— Activity —
Work through the listing below and give again exactly the lines from the one with "uxcell Uxcell Flexible" to the one with "10 oils that rocked my world | Decorchick!®", both ends included. All other lines and all pictures stay out.

— Extracted entries —

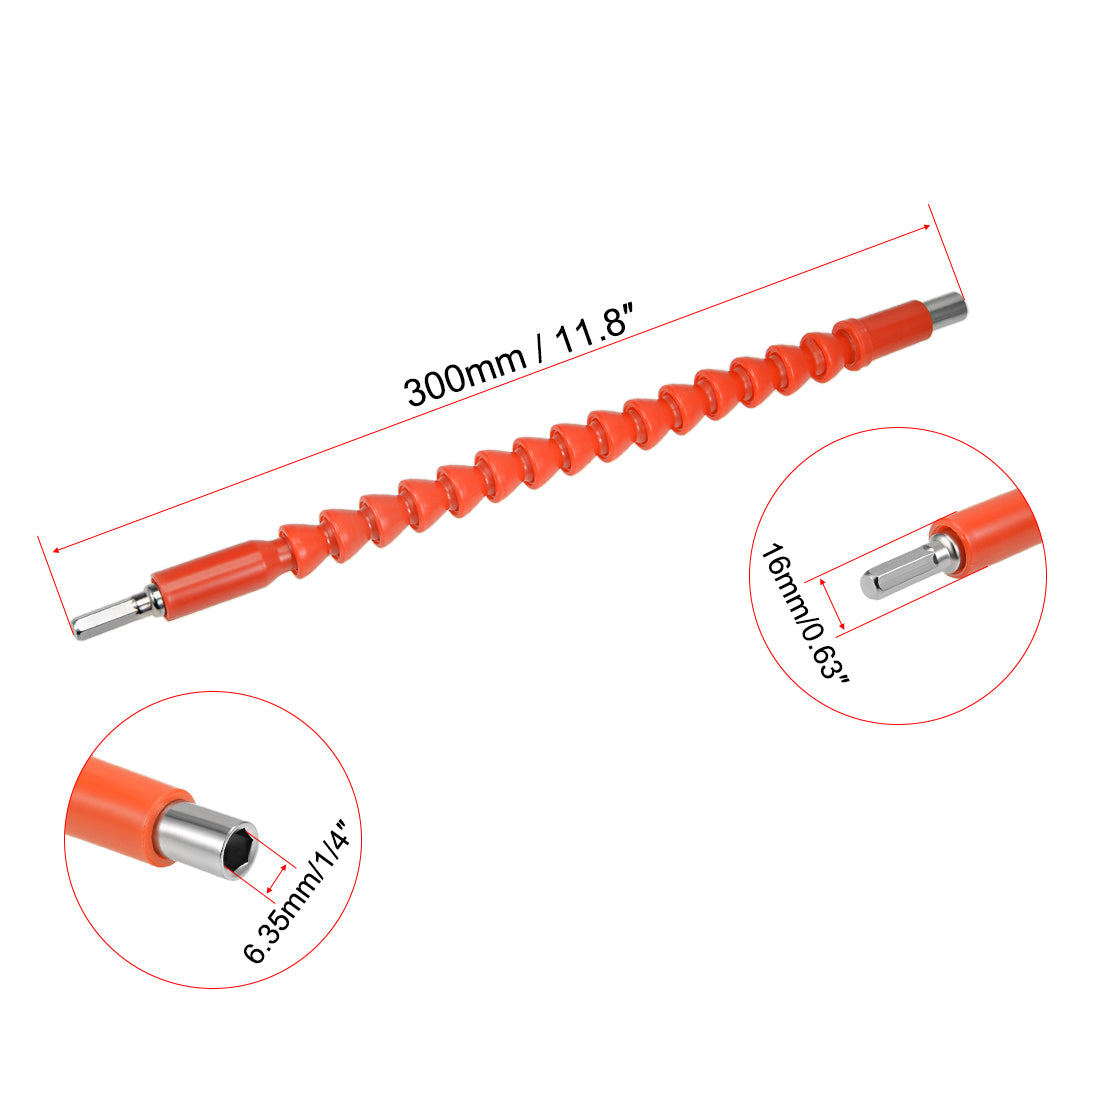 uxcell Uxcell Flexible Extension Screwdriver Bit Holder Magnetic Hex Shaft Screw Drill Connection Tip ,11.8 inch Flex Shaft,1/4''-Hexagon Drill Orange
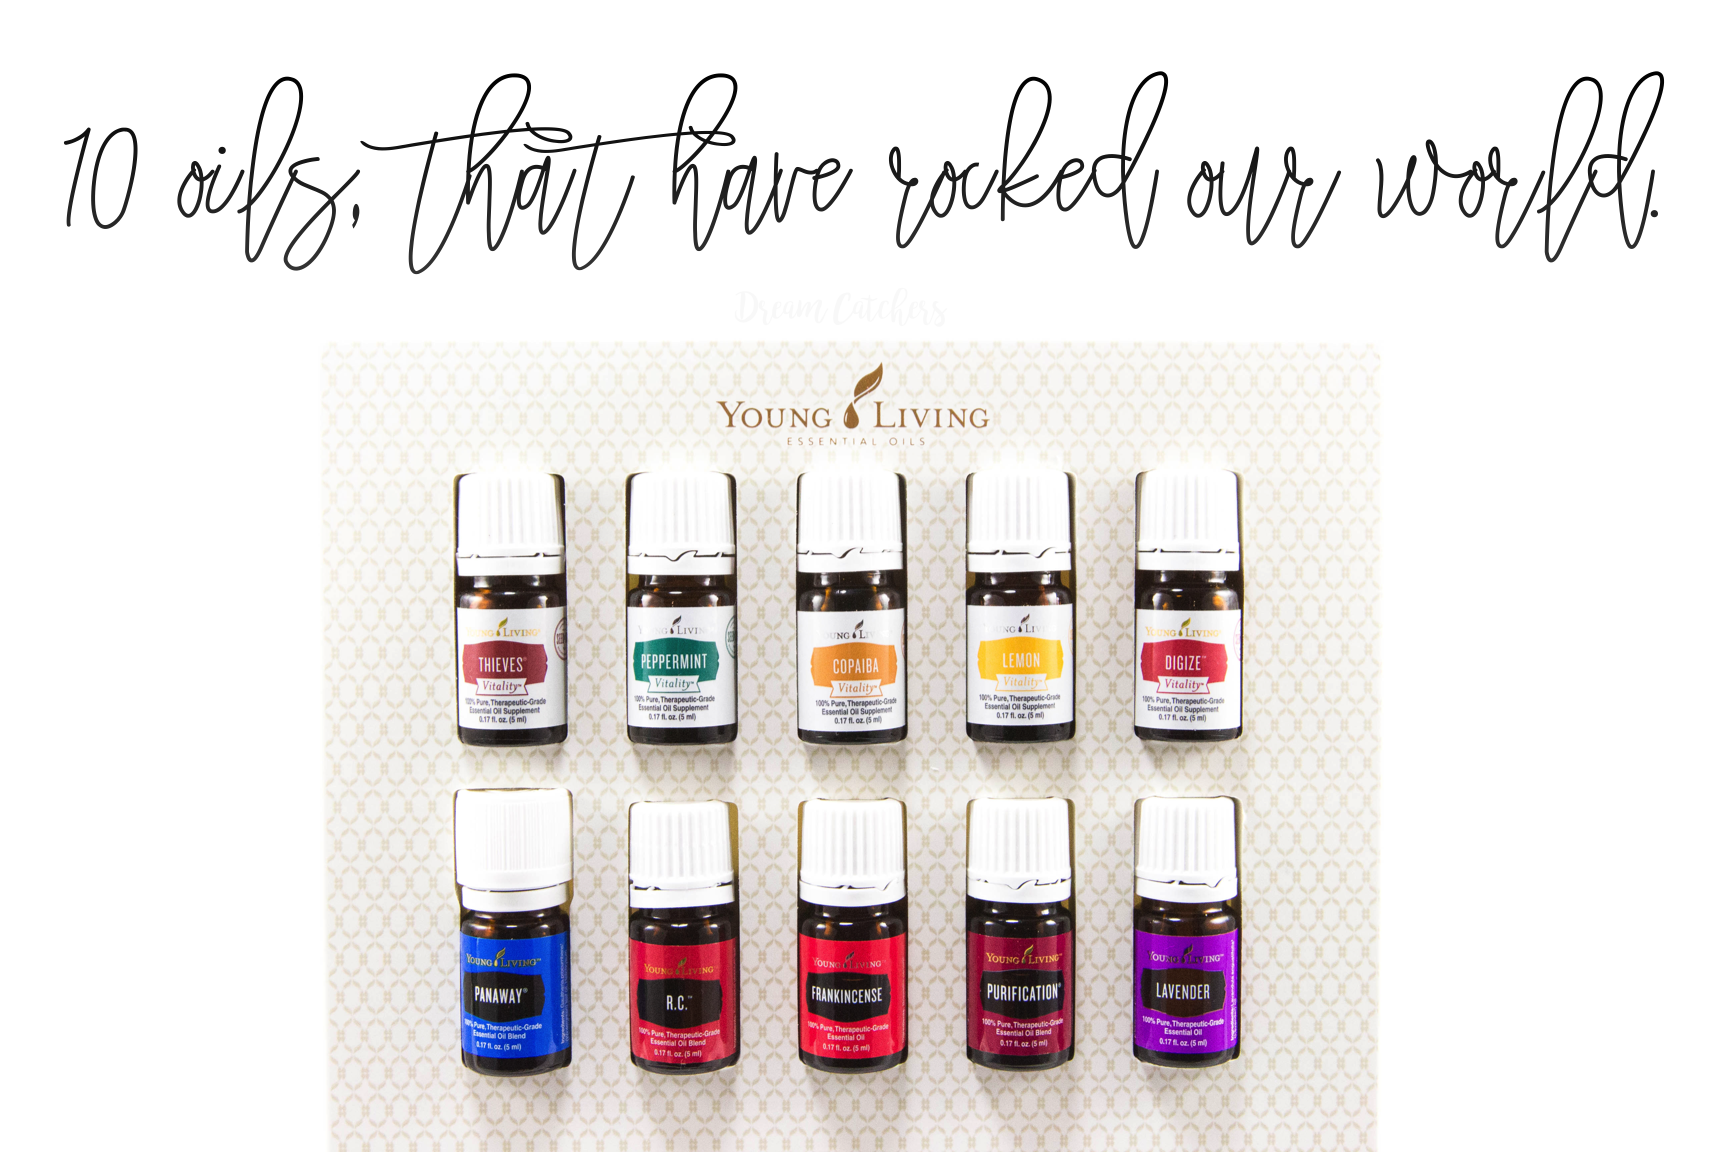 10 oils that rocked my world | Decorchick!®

--

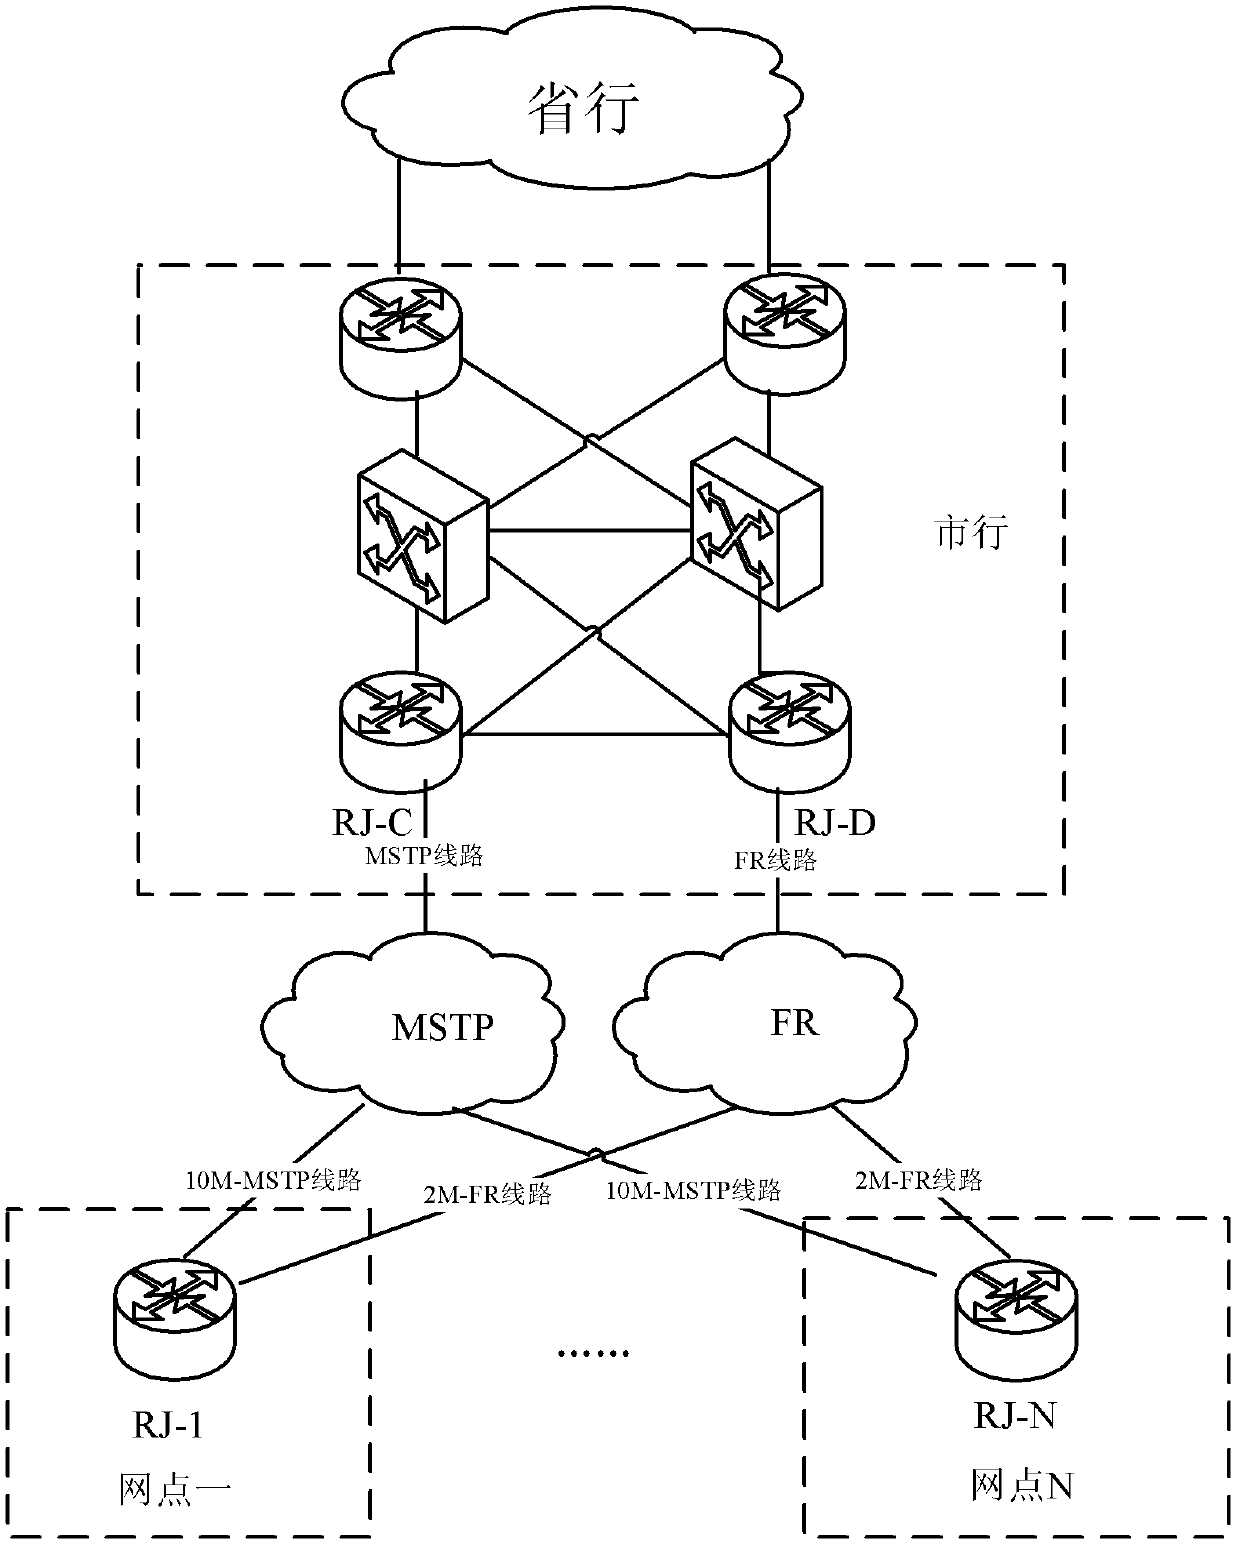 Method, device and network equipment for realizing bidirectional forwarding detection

--

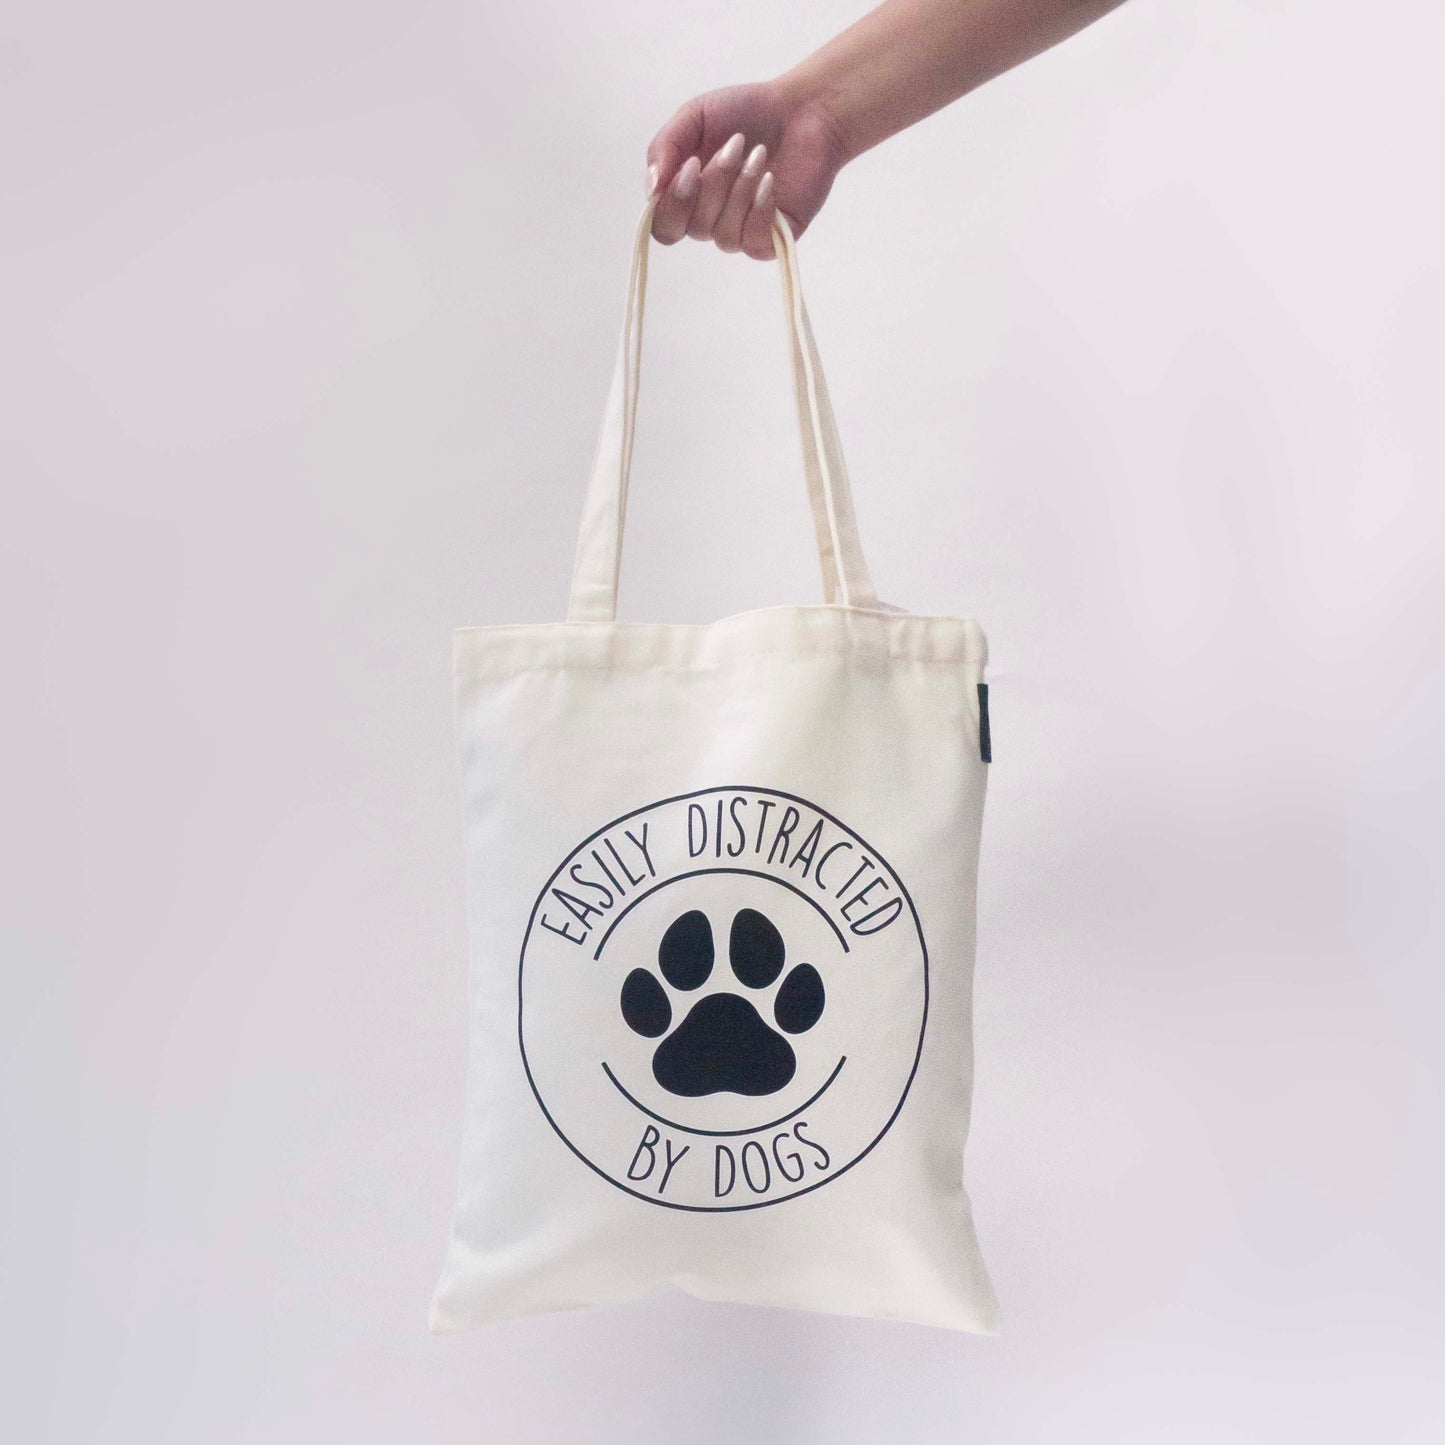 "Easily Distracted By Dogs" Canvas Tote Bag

— Response box —
 uxcell Uxcell Flexible Extension Screwdriver Bit Holder Magnetic Hex Shaft Screw Drill Connection Tip ,11.8 inch Flex Shaft,1/4''-Hexagon Drill Orange
 10 oils that rocked my world | Decorchick!®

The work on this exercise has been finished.